As far as the superconfiguration, which occurs because it depends on which face the nucleophilic attack takes place Si or Re face. Which makes it just as likely for either of them too occur (however, this only makes sense for the depth of organic chemistry your in right now, further along the line you will learn conjugation, because the double bonds are 1 bond apart, this makes them extremely stabile and the interaction between the two double bonds is similar to any other covalent bond interaction). However, since your not there yet I wouldn't worry about it.. but yes this is what would occur a SI or Re face attack will give you both enantiomers.

 

In the But-2-ene-1-ol occurrence, this is due to carbocation rearrangement which is very likely with these addition reactions.. specially if your using a strong acid instead of Mercury, HOAc as catalyst.

[Function]

In the But-2-ene-1-ol occurrence, this is due to carbocation rearrangement which is very likely with these addition reactions.. specially if your using a strong acid instead of Mercury, HOAc as catalyst.

 

Could it be due to Markovnikov's rule?

Black numbers are the numbers of the C-atoms, red are the numbers of H-atoms bonded to the C-atoms.

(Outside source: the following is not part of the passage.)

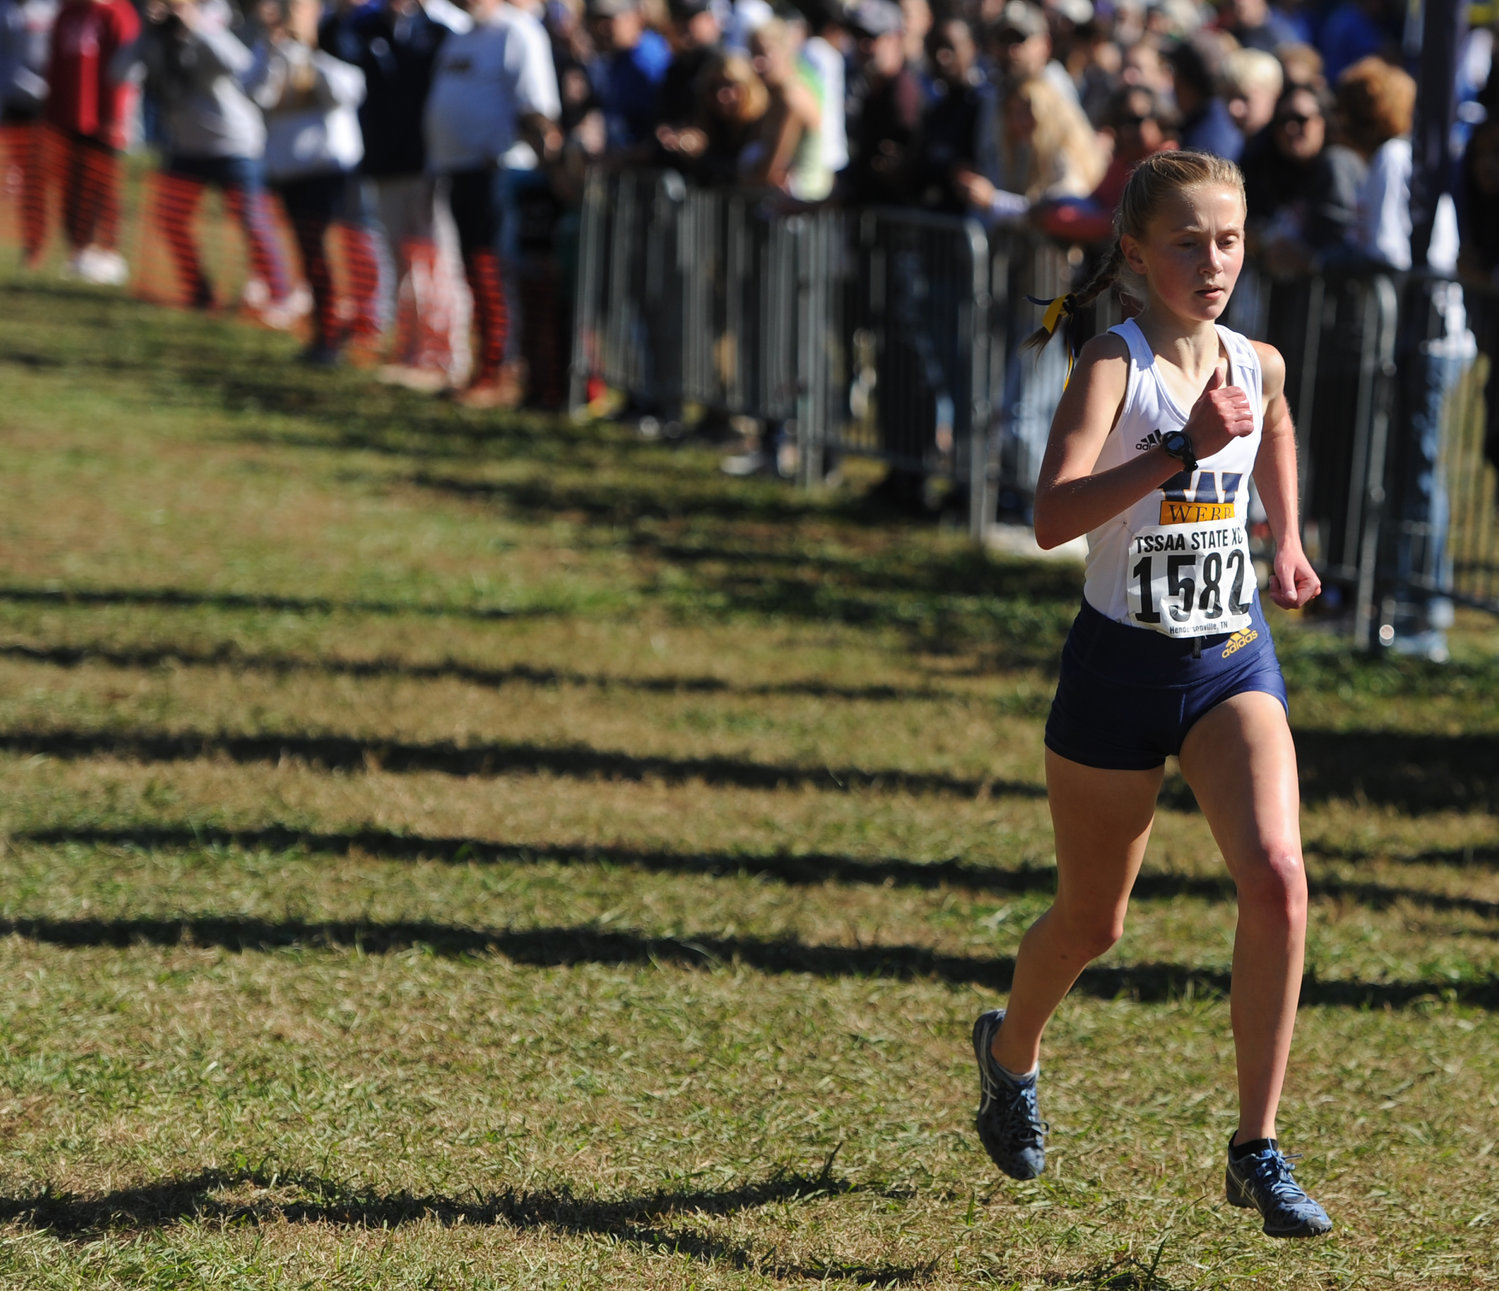 Webb freshman Abby Faith Cheeseman powers her way to the finish line and her first state title in the Division II Class A state championship. She ran a 17:26.91, the fastest time of any classification during the 2021 state meet.

Markovnikov would dictate us that when addition occurs, H-atoms are very much more likely to bind with C4 or C1, which occurs in the lower structure, but not in the right one: here, one H-atom has been added to C3. Contradictory to Markovnikov's rule.

Is this the reason?

[AndresKiani]

• Yes I didn't realize you were using a strong base. Strong bases in addition reactions lean towards anti-Markovnikov additions.

 

• Strong acids on the other hand follow markovnikov but are susceptible to various undesirable rearrangement.

 

• When Hg(OAc) I used however as you know allows us to evade these rearrangements and still follow a markovnikov pattern.